NCTA CEO Michael Powell
CHICAGO—“Retooling of the show is recognition that the digital economy is broader than just cable,” said Mark Bell, vice president of industry affairs at the National Cable & Telecommunications Association about the group’s annual convention. The show, now known as INTX for “Internet and Television Expo,” is coming up May 5-7 in Chicago’s McCormick Place. From the unusual layout of the exhibit floor to outsourced segments of the high-profile general sessions, INTX’s organizers expect that the event will intensify cross-industry focus on such topics as over-the-top competition, wireless integration and back-end operations.
Depending on the approval status of pending mergers—notably Comcast/Time Warner Cable and the AT&T/DirecTV—deal-making is likely to permeate event. The overlapping interests of cable’s traditional rivals will also be in the spotlight, as Dish-parent company EchoStar will exhibit its SlingTV OTT service on the show floor, and an AT&T executive will speak on at least one keynote session.
“Every day, the digital landscape changes and the networks that enable it becomes more powerful,” said NCTA president and CEO Michael Powell. “This new expo will highlight all of these new trends and voices in every corner of today’s digital economy… Now is a perfect time to reinvent the way we come together,”

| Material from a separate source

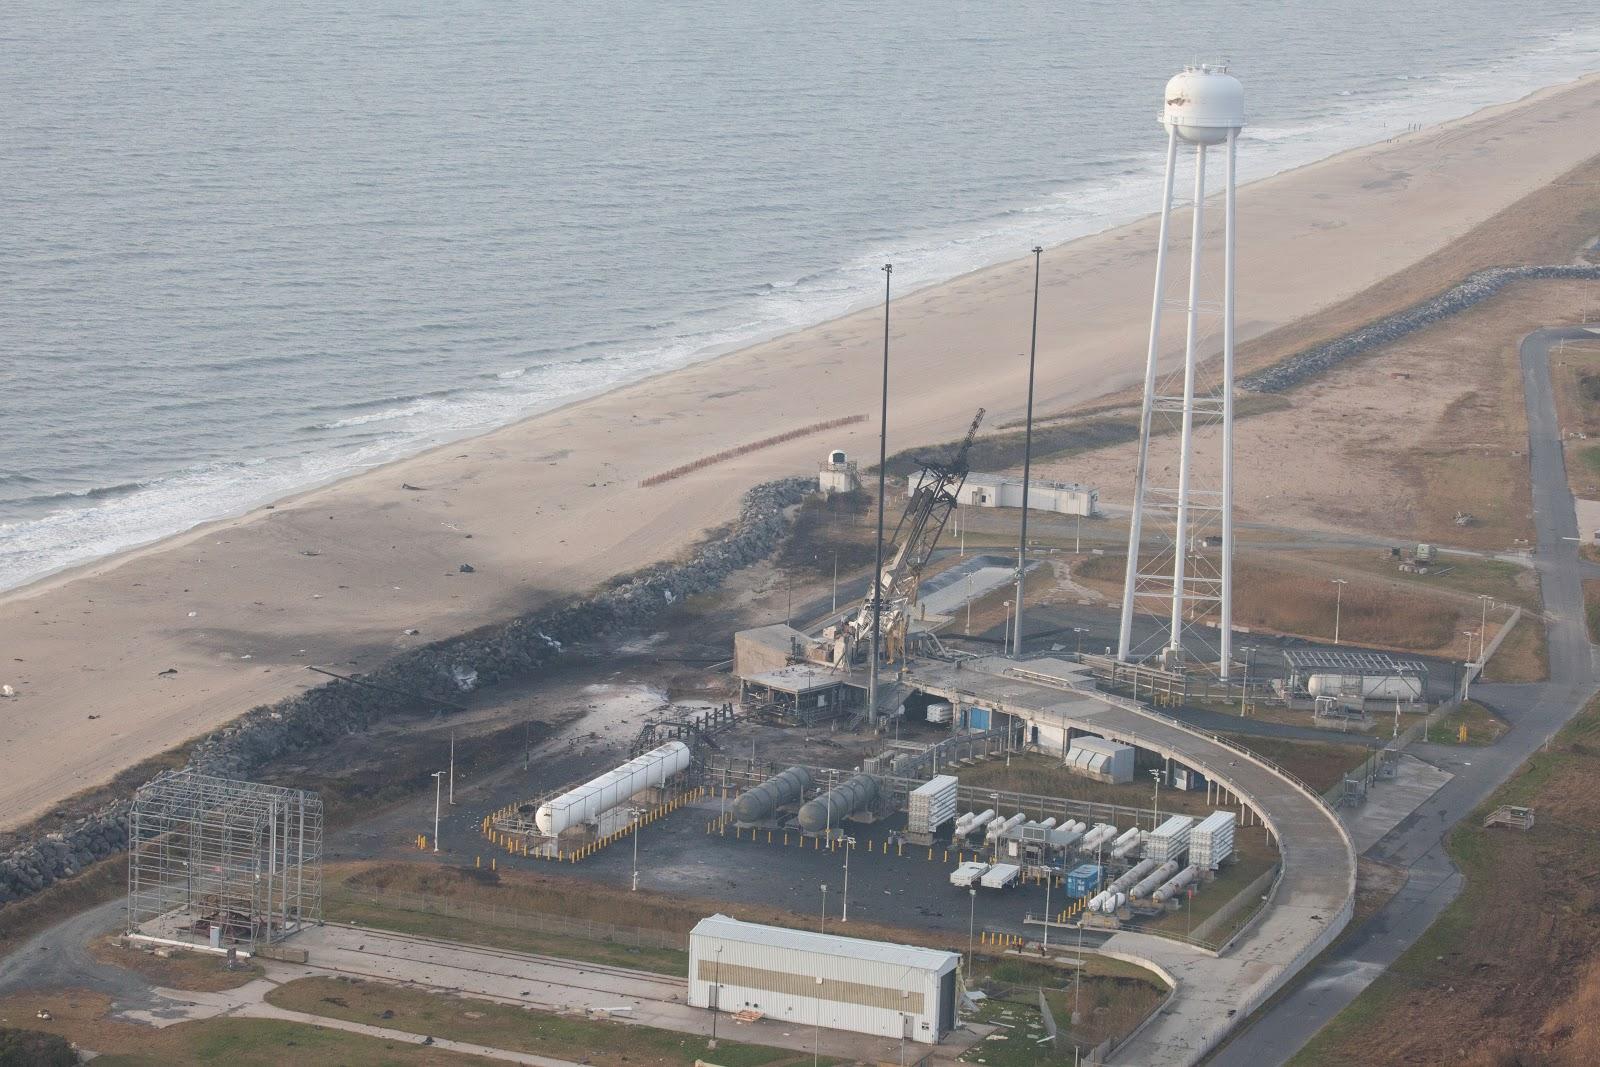 Một cái nhìn từ trên không được chụp vào ngày 29/10/2014 cho thấy bãi phóng Wallops sau khi xảy ra sự cố vào tối bữa trước. Bản quyền hình ảnh : NASA/Terry Zaperach.

Cross-industry competition is also on the minds of the cable guys heading to Chicago.
“Today’s telco, wireless, satellite and cable operators are desperately trying to compete with Apple, Google, as well as over-the-top providers, to provide more competitive service offerings to their customers,” said Jim MacDonald, vice president of sales and marketing of UXP Systems Inc. His firm will demonstrate its business support and operation system software. MacDonald characterizes the “biggest challenge” for all carriers as “their existing backend systems that are making this transition ... to individual user experience orientation ... so difficult.”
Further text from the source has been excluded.